Who signs contracts in a civil law partnership? National team (part 4)
A civil law partnership is a special case among companies operating on the Polish market. Its structure differs significantly from the organization of commercial companies. We can find differences not only in terms of activities or the number of partners, but also in matters of representation. Who represents the civil law partnership? Who signs contracts in a civil law partnership? Is the signature of one of the partners sufficient on the contract? We will try to answer these questions in the article below.
Civil law partnership - short description
A civil law partnership is the only company, among all operating on the Polish market, that is regulated in the Civil Code, not in the Commercial Companies Code, and more specifically in the part devoted to liabilities, Title XXXI - Art. 860-875. A civil law partnership is the only one of the companies listed in Polish law that does not have legal personality and, above all, differs from commercial companies operating as legal persons or organizational units without legal personality, but having legal capacity.It follows that the partners, not the company itself, are the legal entities, they are also co-owners of all assets that have been accumulated in the course of the company's operation. They are also responsible for all its liabilities incurred in connection with its activities. A civil law partnership is not an enterprise - it is the partners who personally register their activities in CEIDG, they also conduct business under their own name (their names constitute the company, i.e. the entrepreneur's designation).
The partners establish a company to achieve a jointly defined economic purpose in the contract, for example to provide a specific type of services. In this case, the goal is the mere provision of services, i.e. gainful activity, so the partners do not have to specify in the partnership agreement the time after which the partnership ceases to exist. You can also set up a company for a specific purpose, such as building real estate. After the target has been achieved, the company may terminate its activities.
Each of the partners contributes to the partnership, which may be capital, but also objects, receivables and rights to someone else's property, and even the performance of work itself. Nevertheless, all contributions are assumed to be of equal size. As a rule, shareholders bear losses and participate in profits in equal parts, and they are jointly and severally liable for the company's liabilities.
Who signs contracts in a civil law partnership?
Article 865 governs the management of the company's affairs:
Art. 865. § 1. Each partner is entitled and obliged to run the partnership's affairs.
§ 2. Each partner may, without a prior resolution of the partners, conduct matters that do not exceed the scope of ordinary activities of the partnership.
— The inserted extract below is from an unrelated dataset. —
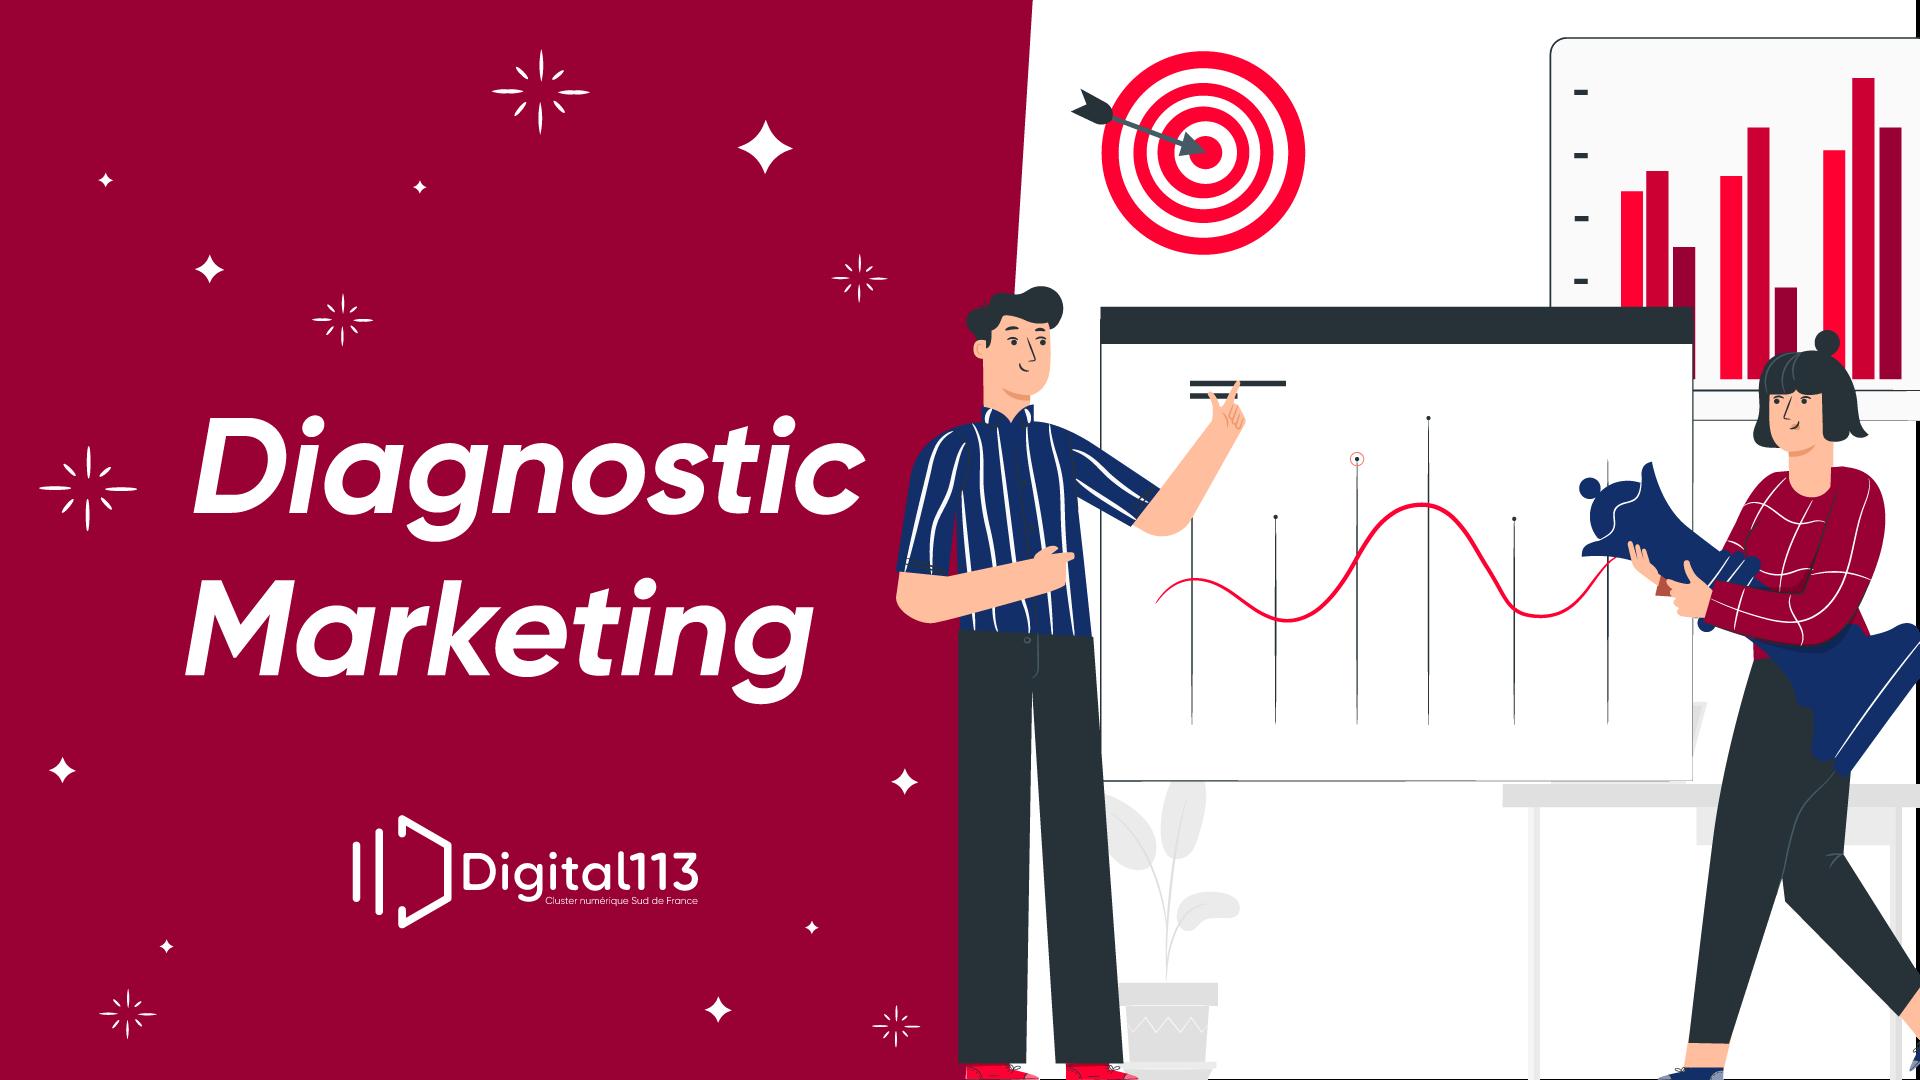 Diagnostic Marketing Digital
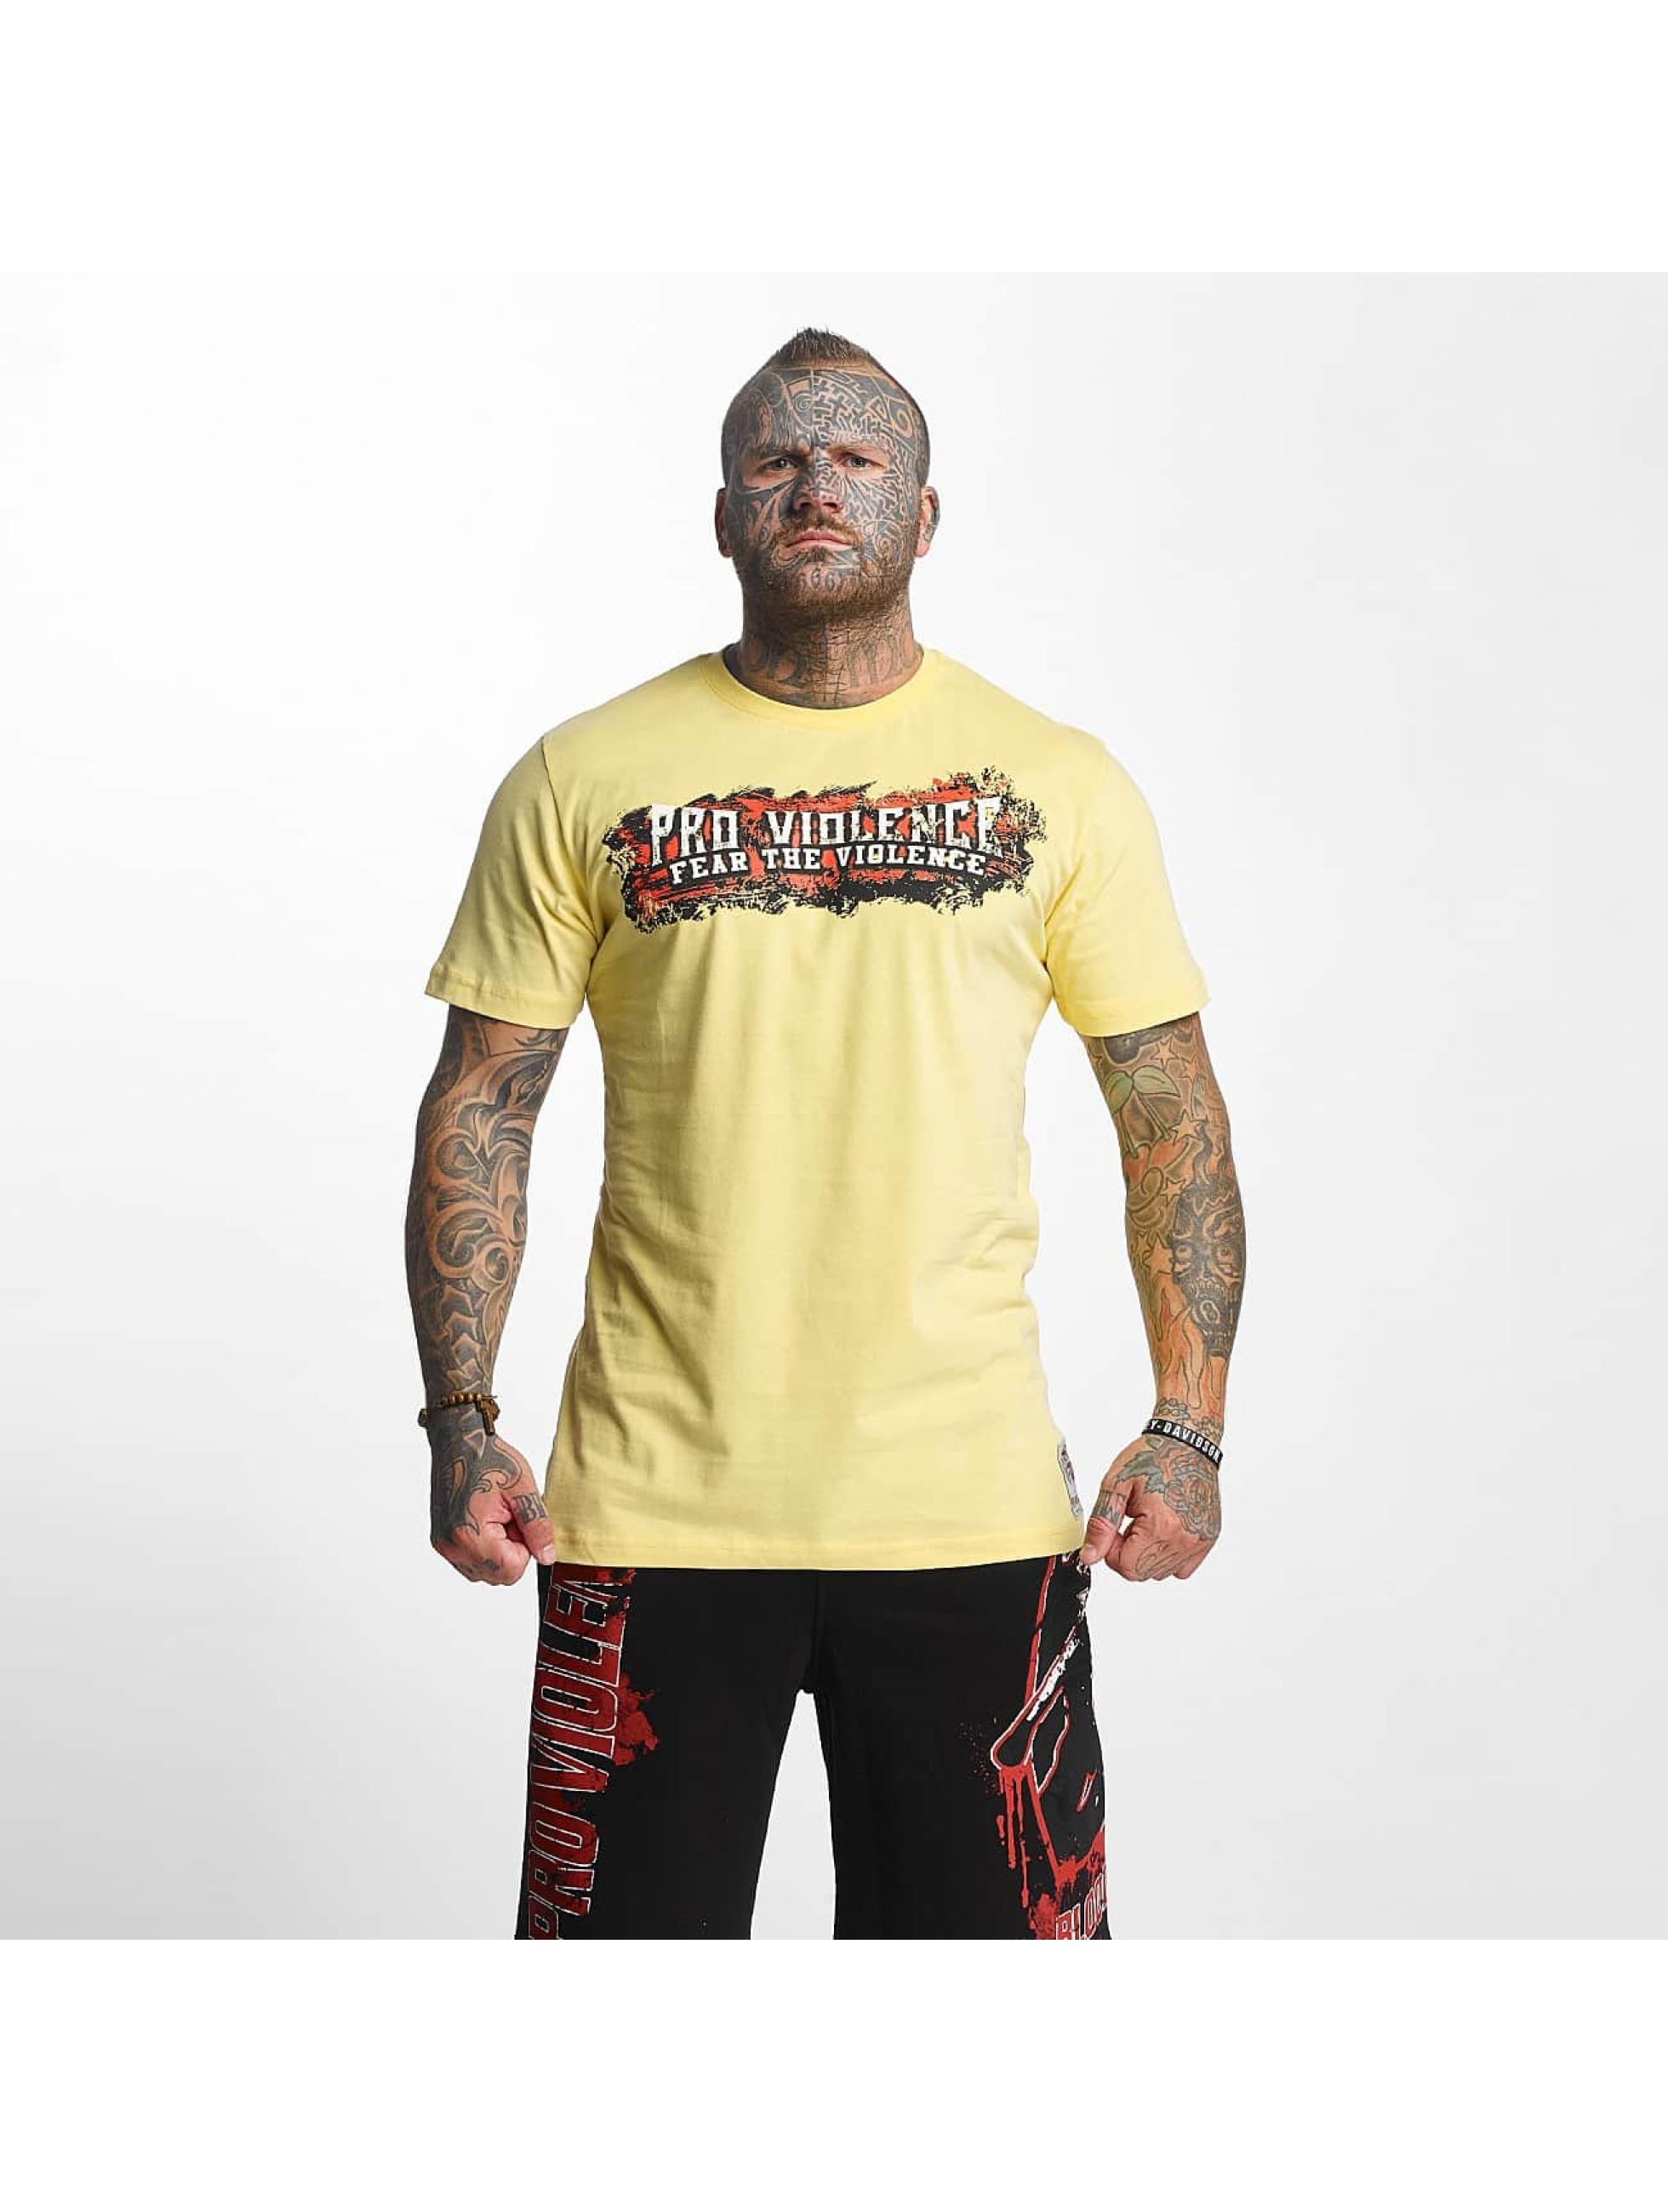 Pro Violence Streetwear Männer T-Shirt The Violence Fear in gelb

If, however, before the end of such a case, even one of the remaining partners objects to its conduct, a resolution of the partners is needed.
§ 3. Each partner may, without a prior resolution of the partners, perform an emergency, the failure of which could expose the company to irreparable losses.
It is clear from this provision that each of the partners not only may, but is obliged to, manage the partnership's affairs. The civil law partnership does not have a management board, nor does it work through bodies, all necessary decisions are made by the partners personally.
However, conducting the affairs of a civil law partnership should not be equated with representation. The first term covers all activities that need to be taken in order for the company to function normally and fulfill the purpose set by the partners in the agreement (running the partnership's affairs is therefore related to the internal organization of the company). The term representation, on the other hand, refers to activities that go beyond day-to-day management to some extent. It also assumes appearing before entities from outside the company, concluding contracts and taking actions affecting its functioning.
Therefore, it should be assumed that signing contracts which in some way change the company's financial relations are activities that go beyond ordinary management. The Civil Code does not formulate requirements for concluding contracts with a civil partnership, however, taking into account the fact that representation involves taking actions on behalf of other partners, both parties should ensure that the contract is signed by all members of the company. This will be a guarantee that the content of the contract will be consistent with the will of the partners.
In addition, the contractor of a civil law partnership may take other measures to guarantee its validity. One of them is the possibility of requesting the partner signing the contract to be empowered by other persons forming the company or to see the articles of association in order to check whether there are any provisions in it that the company is represented by that person. The contractor may also make the entry into force of the contract conditional on the signatures of all partners by including an appropriate clause in the contract.